Dans le premier cas, une entreprise reproche, par exemple, à la société de conseil à laquelle elle a fait appel de ne pas lui avoir fourni les prestations commandées. Retard dans les délais de livraison, vices et dysfonctionnement de systèmes informatiques, moindre performance des équipements... rentrent dans cette catégorie. Les litiges au civil portent aussi sur des cas de contrefaçon de logiciels, de sites Internet, d'atteinte à la propriété intellectuelle.

« Au pénal, poursuit François Wallon , nous intervenons dans des affaires de toutes sortes mettant en cause des criminels disposant de matériel informatique. » Vol de fichiers commerciaux, fraude aux cartes bancaires, vente d'armes, pédophilie, autant de délits dont on peut retrouver les preuves en explorant disques durs et fichiers effacés. Et les délinquants n'échappant pas à la généralisation de l'usage des nouvelles technologies, il n'est pas étonnant que le matériel informatique se retrouve de plus en plus souvent comme élément de preuve dans les affaires pénales.

« La nature des litiges suit incontestablement l'évolution des techniques et des moeurs, confirme Paul Vidonne, expert judiciaire en informatique et vice-président de la Cnejita . Autrefois, les litiges intervenaient surtout entre grandes entreprises. Aujourd'hui, petites entreprises et particuliers n'hésitent plus à s'engager dans une procédure de justice. Les affaires sont plus diversifiées, le pénal augmente et Internet a ouvert un nouveau champ de litiges. »

Ce qui ne change pas, en revanche, c'est le rôle de l'expert. Dans tous les cas, il ne doit jamais porter d'appréciation d'ordre juridique ni préjuger. C'est un technicien, pas un homme de loi. Et c'est d'ailleurs sur sa connaissance d'une spécialité qu'il est habilité à porter le titre d'expert judiciaire. Un titre et rien de plus car être expert judiciaire n'est pas un métier. Pour accéder à ce titre, il faut justifier d'une bonne dizaine d'années d'expérience et prouver que l'on ne compte pas vivre de cette activité. Le postulant expert constitue un dossier qui est examiné par le procureur du tribunal de grande instance de son lieu d'activité ou de son domicile.
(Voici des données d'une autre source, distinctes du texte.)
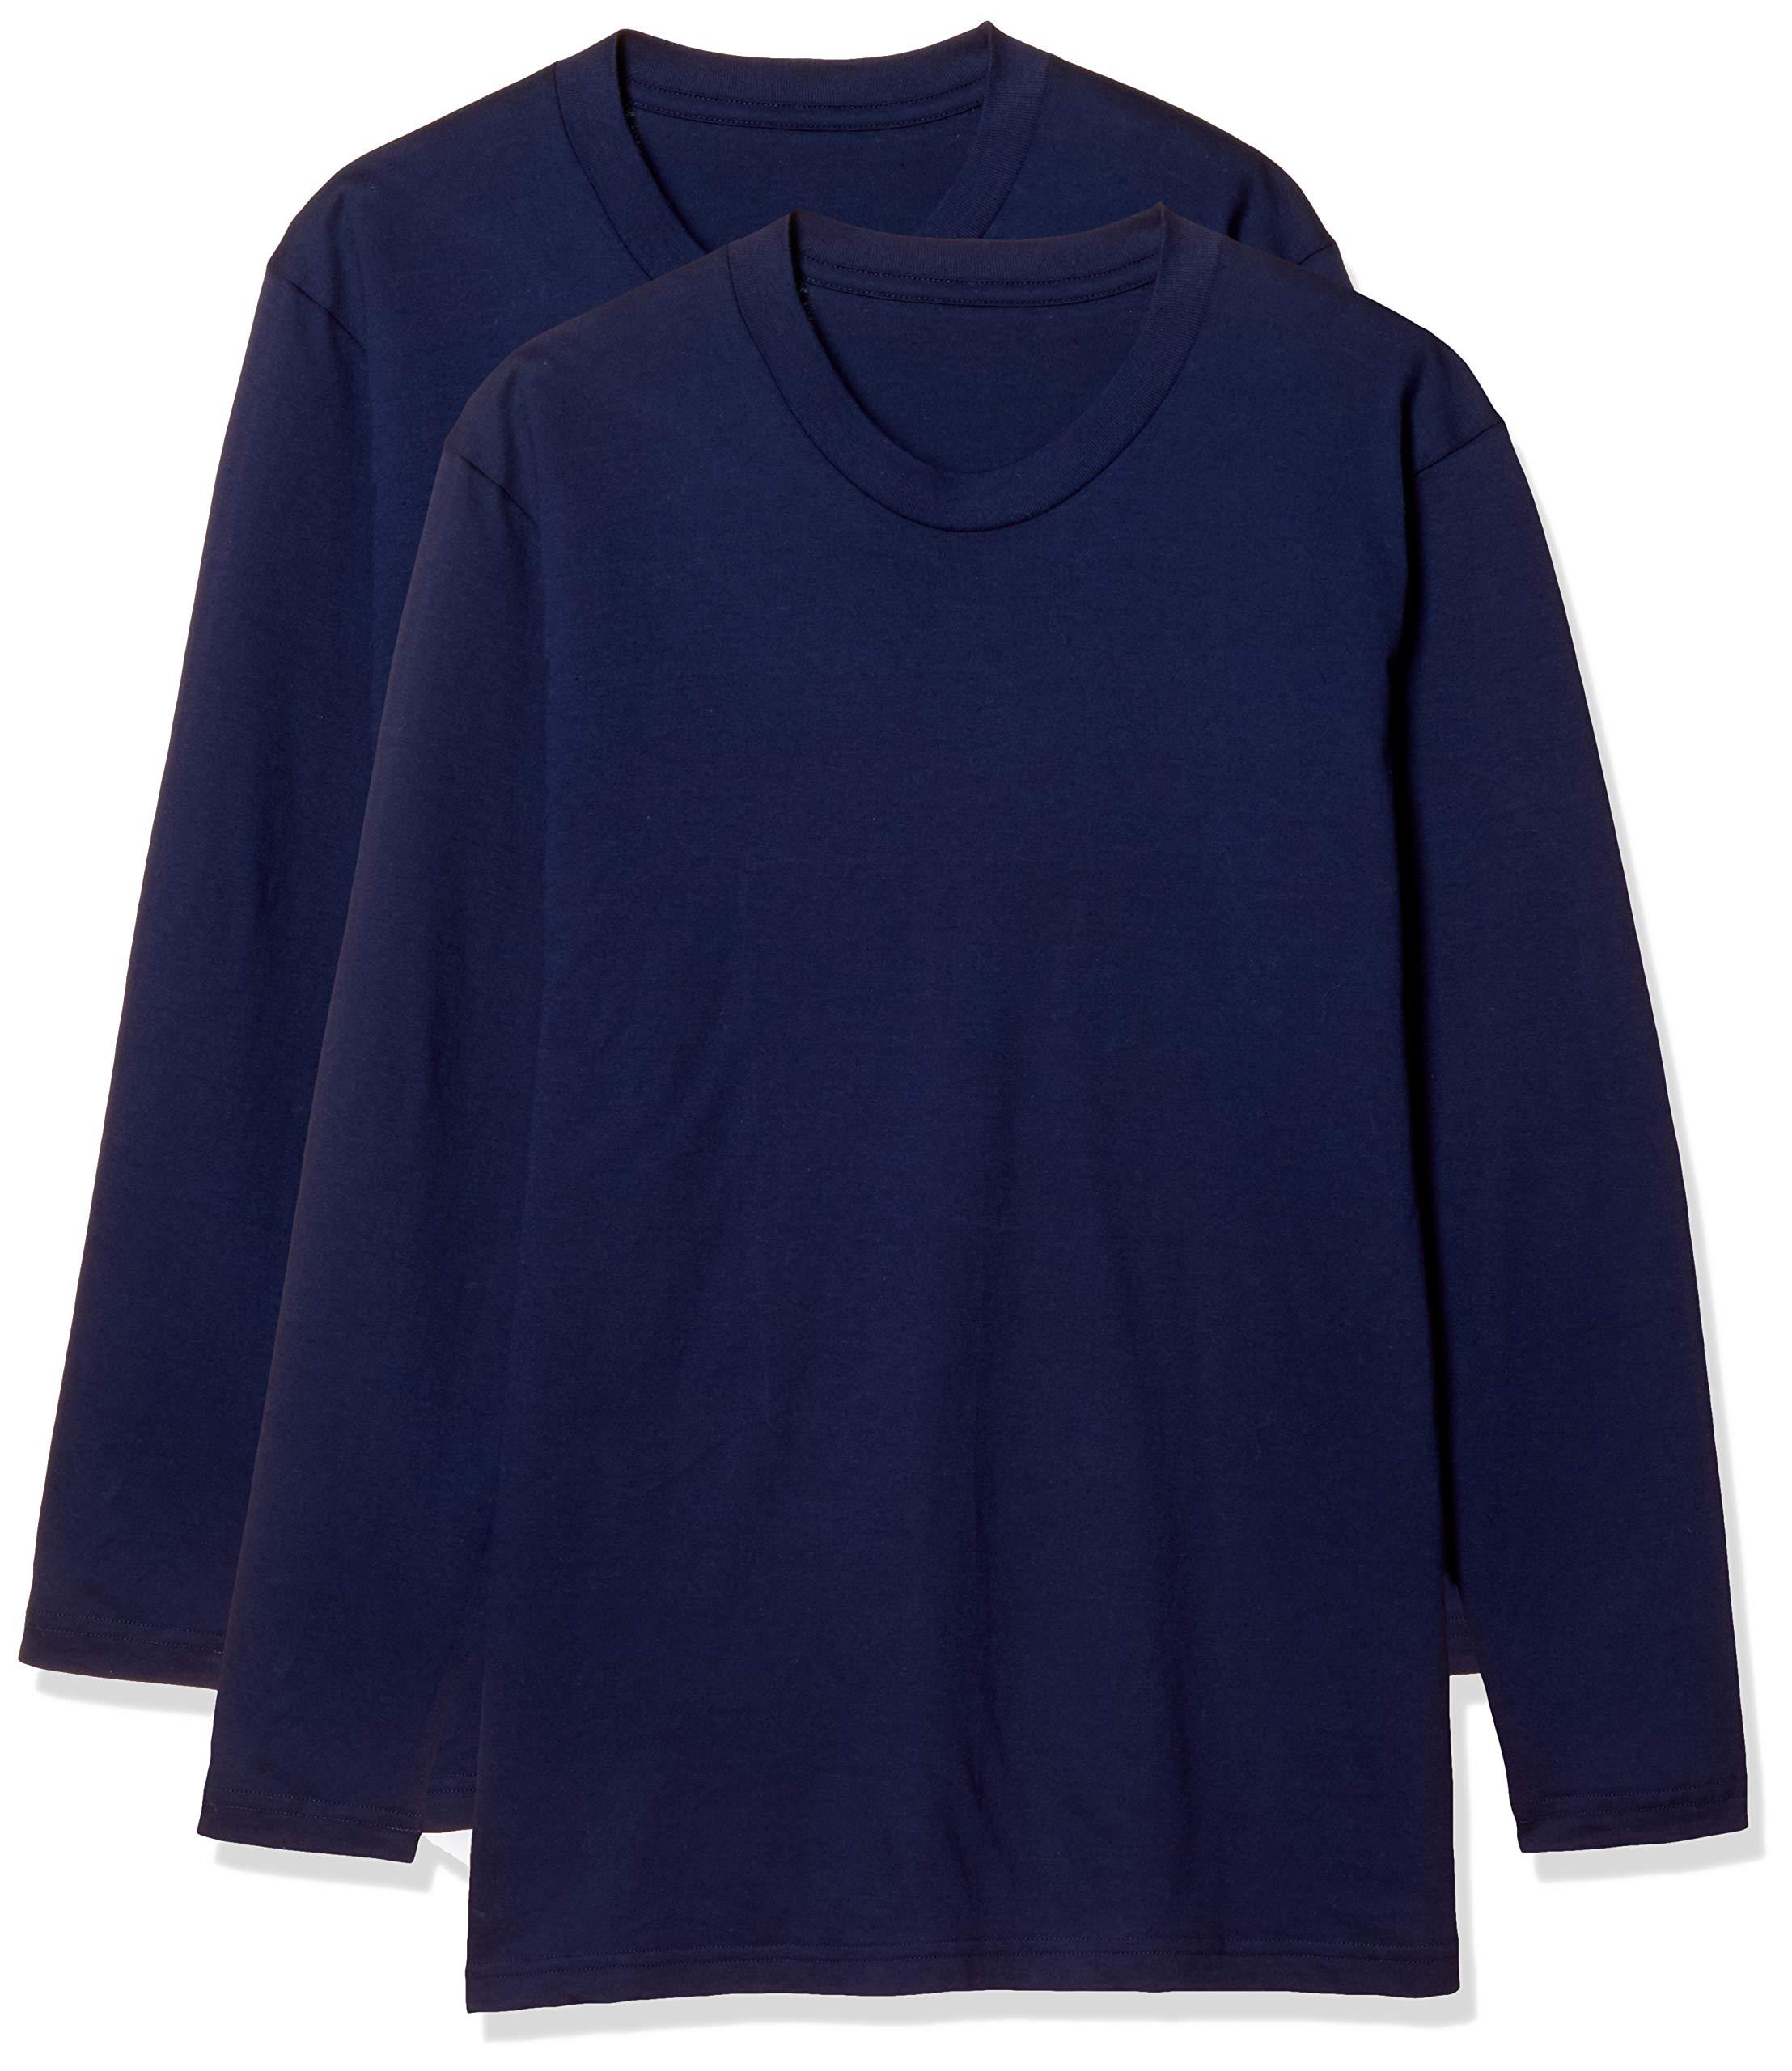 [Seshiel(グンゼ)GUNZE長ズボン柔らかい綿の下着は、*** ***フロントホックは、消臭プロセス2を意味し、 ]男性の綿の長袖Tシャツ(同じ色の二組)腋窩シンプルなシームレスKP-753

Chaque année, en fonction des besoins, un ou deux experts sont nommés. A raison de deux ou trois expertises judiciaires en moyenne par an et par expert rémunéré sur une base horaire de 500 francs en moyenne, il est évident que cette fonction s'inscrit en complément d'une autre activité professionnelle . « De toute façon, c'est parce que l'on exerce un métier à côté que l'on peut être un expert », insiste Paul Vidonne.

Comment, en effet, pouvoir être compétent dans un domaine sans cesse en évolution si l'on n'est pas sur le terrain ? La plupart des experts judiciaires sont donc des professionnels de l'informatique travaillant dans des entreprises du secteur, ou des professeurs d'université. D'autres concilient expertises judiciaires et expertises privées. A la tête de cabinets de conseil, ils interviennent à la demande des avocats d'une des parties ou sont appelés en mission par les deux parties pour régler à l'amiable les litiges commerciaux. Leurs honoraires sont libres. « C'est un petit monde, reconnaît Paul Vidonne, où le même expert peut se retrouver le lundi expert judiciaire et le mardi expert-conseil. »

D'autres, comme Daniel Duthil, directeur de la revue Expertises, évoquent le risque de connivence, non sans rappeler toutefois l'existence d'un code de déontologie, que tout expert sérieux est censé respecter et dont certains organismes comme la Cnejita se veulent les gardiens. « L'expert doit savoir refuser une mission s'il a un lien avec une ou plusieurs parties », précise Daniel Duthil. Convocation, organisation de réunions, collecte et gestion des pièces, note aux parties et rapport d'expertise, la procédure de l'expertise est longue (4 à 5 mois en moyenne) et chère. « Les litiges entre grandes entreprises ne conduisent pas souvent à des procédures judiciaires, mais se résolvent bien souvent par des méthodes alternatives », constate Daniel Duthil. La médiation et la conciliation constituent de plus en plus un nouveau champ d'activité pour les experts. Loin des tribunaux et de ses batailles.